# [WHAT THE TASK ASKS]
Whenever a picture appears in the data, skip it and write out all other material exactly.

# [DATA EXTRACT]

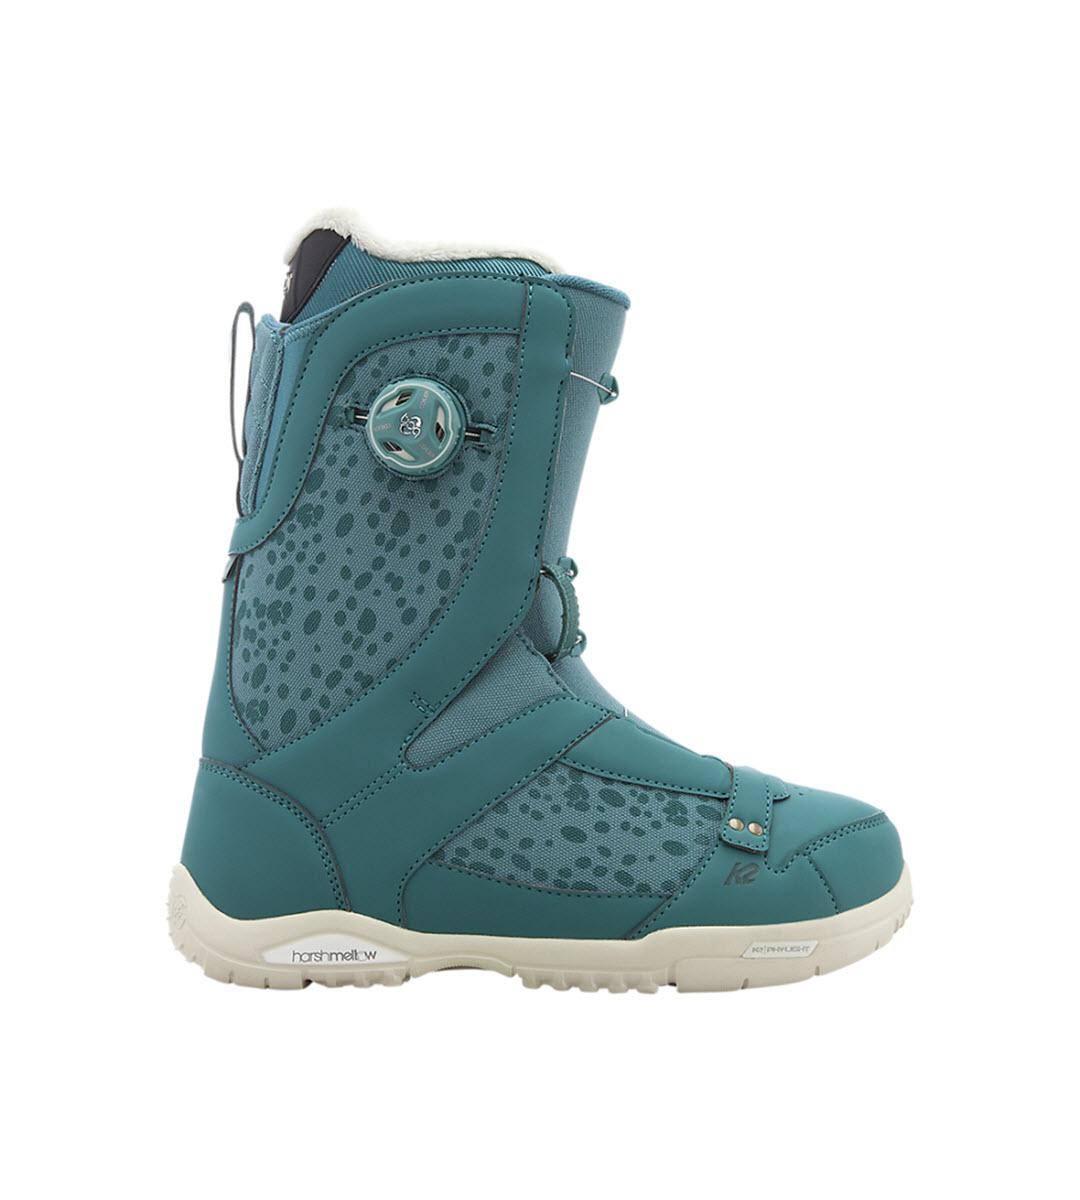 K2 Sapera Womens Snowboard Boots 2017 Rainforest UK 8
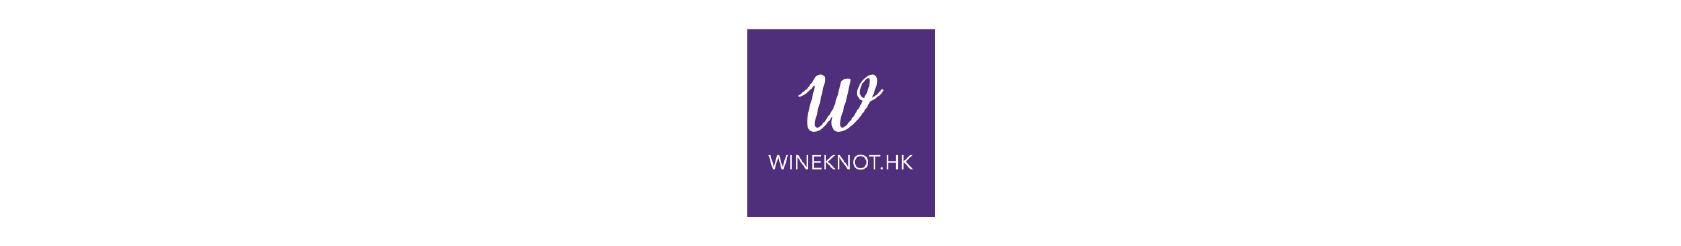 logo_1127-05
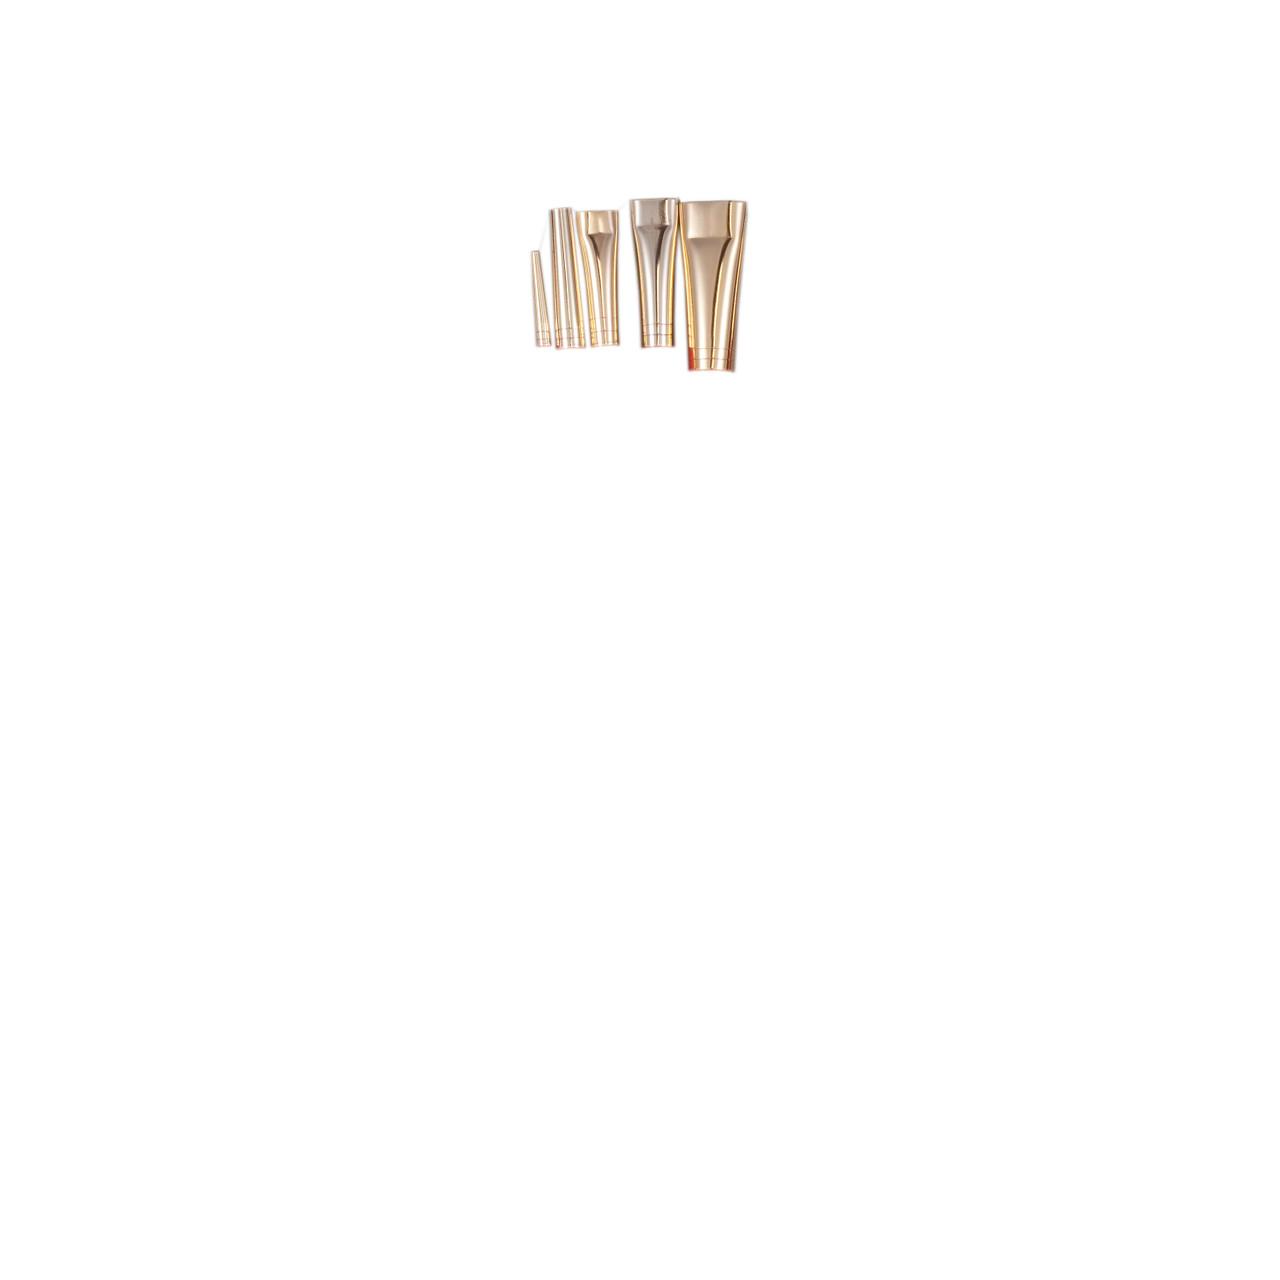 Synthetic White Taklon 5-Brush Set Round 1, 6, Bright 6, Filbert 8, Flat 12

# [TASK ANSWER]
 K2 Sapera Womens Snowboard Boots 2017 Rainforest UK 8
 logo_1127-05
 Synthetic White Taklon 5-Brush Set Round 1, 6, Bright 6, Filbert 8, Flat 12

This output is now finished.